In the 2023 Booker Prize-winning novel, Prophet Song by Paul Lynch, the government of modern Ireland is slowly taken over by authoritarian forces who suppress disagreement using imprisonment and internment, eventually reducing the country to a bloody civil war as resistance fighters become as ruthless as the regime they are attempting to overthrow.
The purpose of the novel is to prompt empathy for the people all over the world who have become refugees, by showing how easily that social deterioration can happen in a civilised nation, one that’s supposedly composed of rules and norms.
I’ve been thinking about that book a lot recently because of various developments in our local political context, but it hit home pretty hard during the early scenes of 20 Days in Mariupol where the Russian invasion of Ukraine has only just been announced by Putin and the strategic port city – only 50 km from Russia – is bracing for the unknown.

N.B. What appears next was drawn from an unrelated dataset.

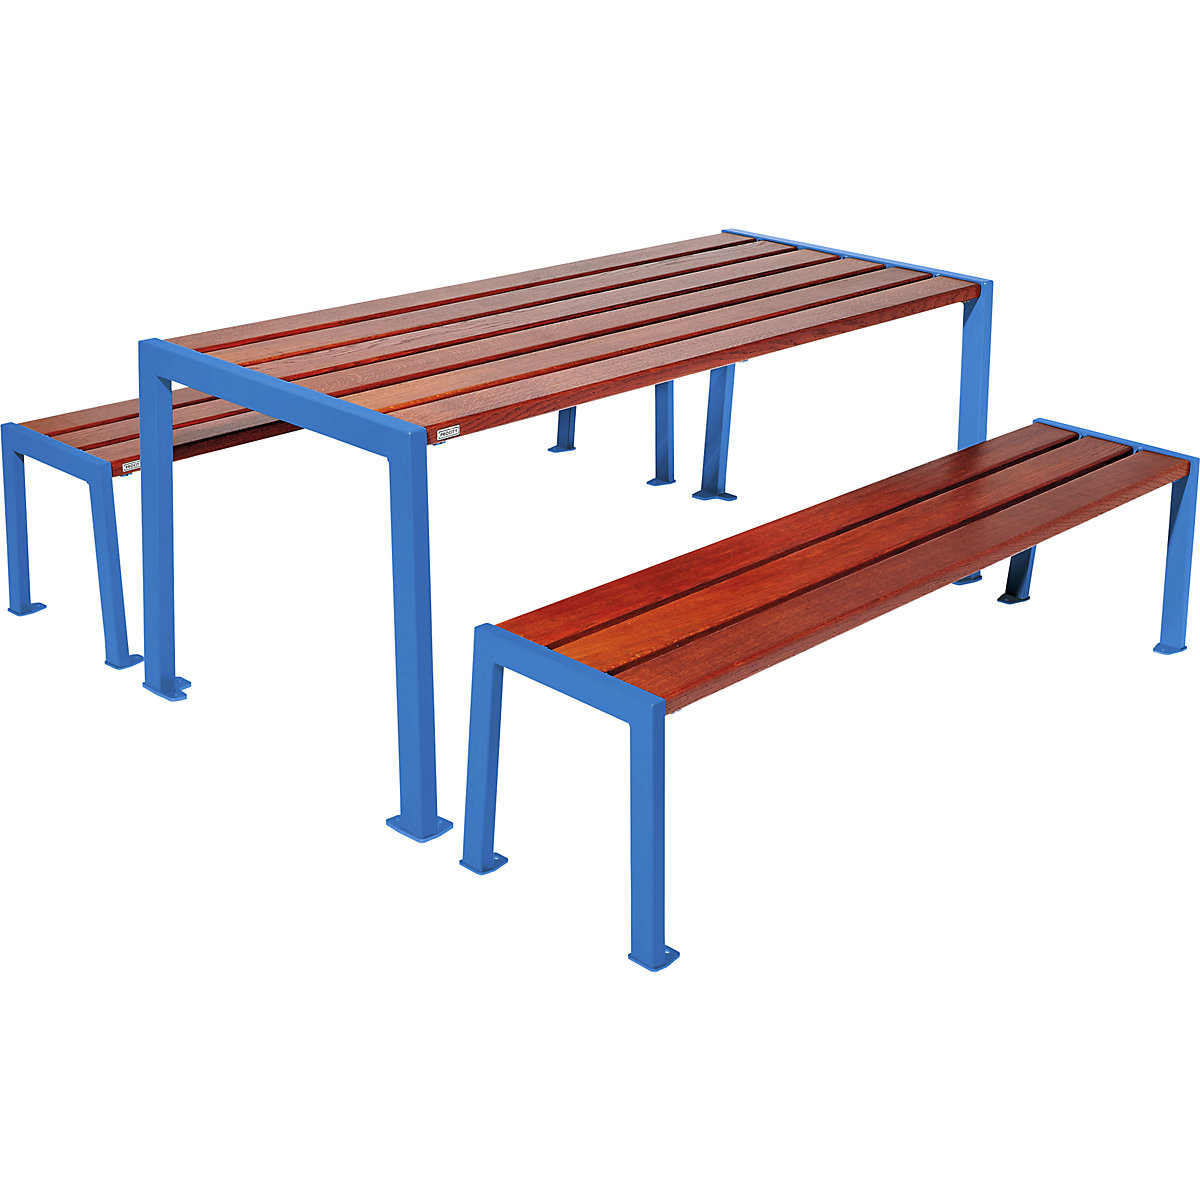 Garnitura mize in klopi Silaos® – PROCITY, dolžina 1800 mm, modre barve / mahagoni-6
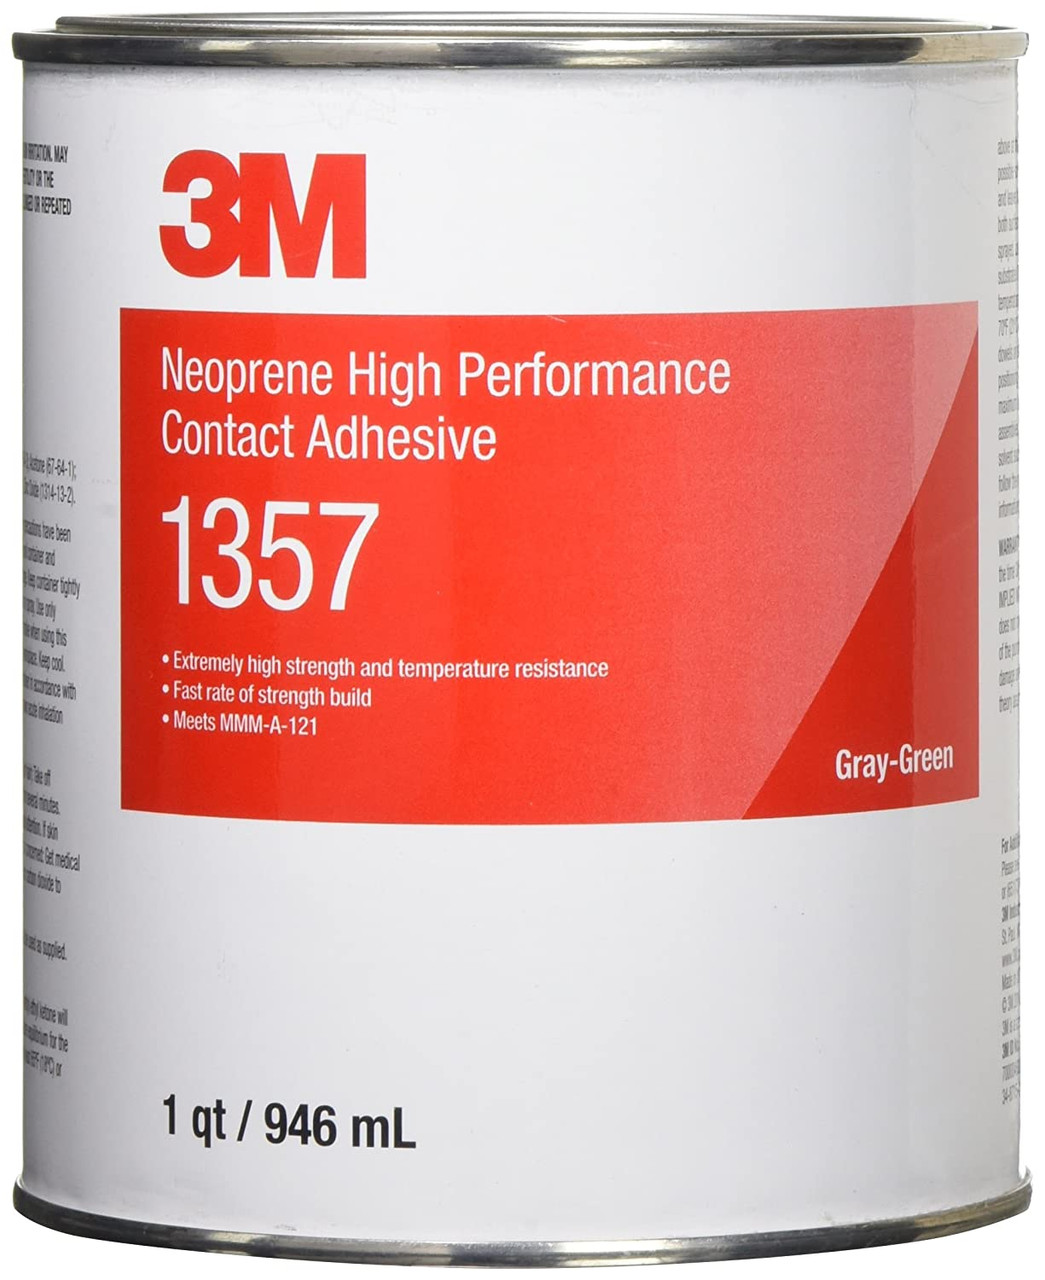 3M 3M-1357 Neoprene High Performance Contact Adhesive 1357 Gray-Green, 1  Quart

Detached and semi-detached houses line broad boulevards that could be somewhere like Palmerston North. Apartment buildings surround social courtyards. There are soccer fields and fitness centres. The downtown has a human scale that New Zealanders will recognise. There’s a middle class normality everywhere. What is about to happen is simply inconceivable to them.
But soon after that, the shelling begins and some of those suburban houses are on fire. The horror of the siege, and then the invasion, of Mariupol has begun.
What happens after that is the rapid unscheduled disassembly of a society.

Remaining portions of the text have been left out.